After learning John’s name was placed on the survivors’ list by mistake, the reality began to sink in, but the Willett’s remained hopeful.

“As a parent, you don’t give up that easily,” Ron Willett said.

A memorial outside the Willett’s home, seven miles north of Branson, Mo., contains a miniature brass replica of the World Trade Center and a cross measuring 6’4”, the height of their son.

At the University of Missouri-Columbia, where Willett completed his undergraduate work in 1995, a John Charles Willett Memorial Scholarship was created in his memory in 2007.

For Willett, ceremonies and memorials aren’t about closure, but preserving the memory of a life cut tragically short.
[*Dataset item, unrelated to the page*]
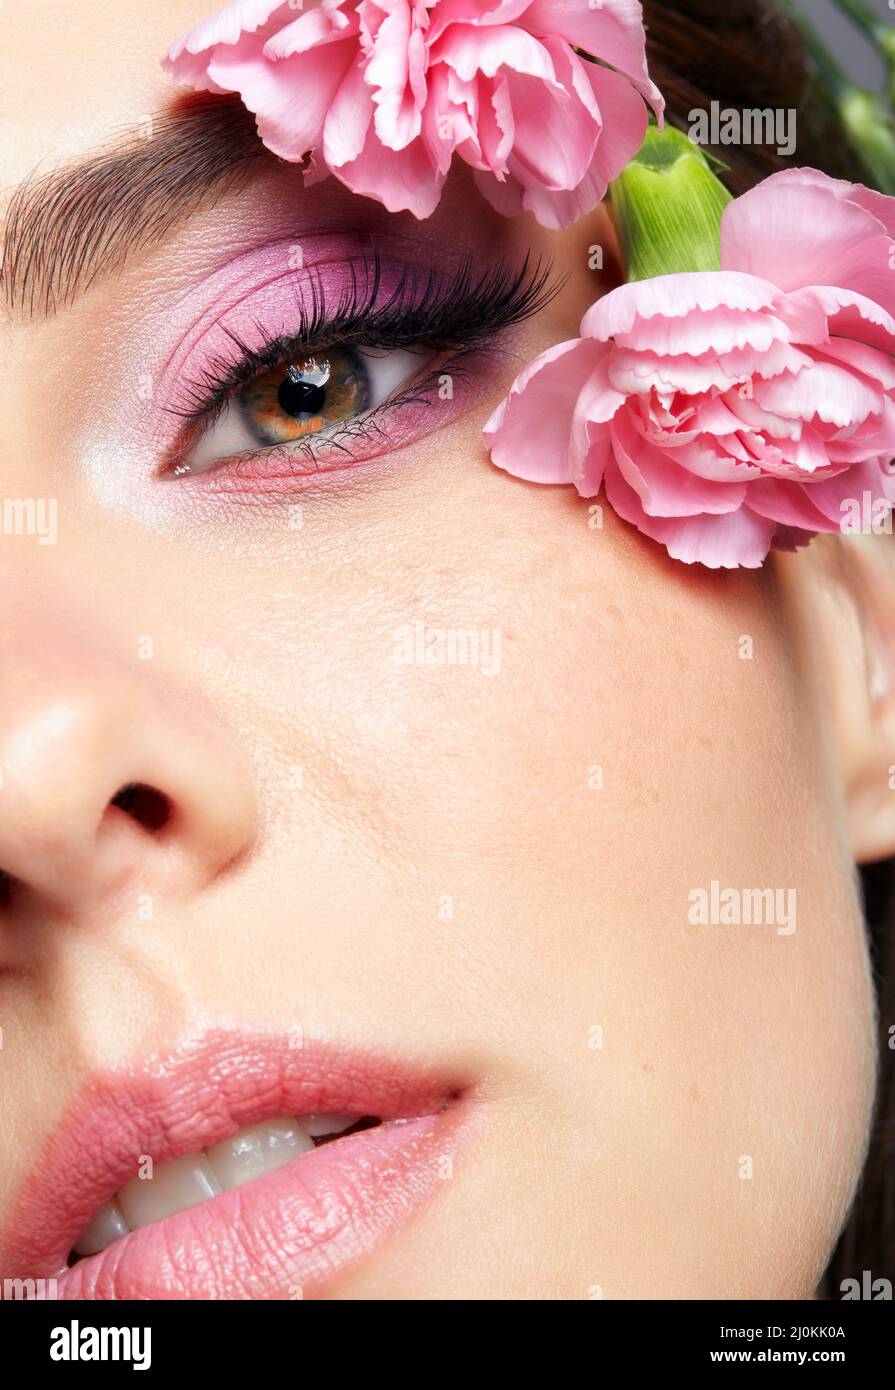 Closeup portrait of female face with pink beauty makeup and carnation flowers on the temple. Stock Photo

“People keep using the word ‘closure,’ and I don’t really believe in that word,” Ron Willett said. “To me, that’s like closing a door and forgetting about it, and that’s not something I can do.”

A bench dedicated to Willett will be placed in the center of the quad between Royall and Flarsheim halls.

“It is right in the middle of everything, exactly where John would want it to be and where it will be seen by many,” Vorst said. “A plaque will help us remember him, and our hope is that that bench will become a point of reflection and calm.”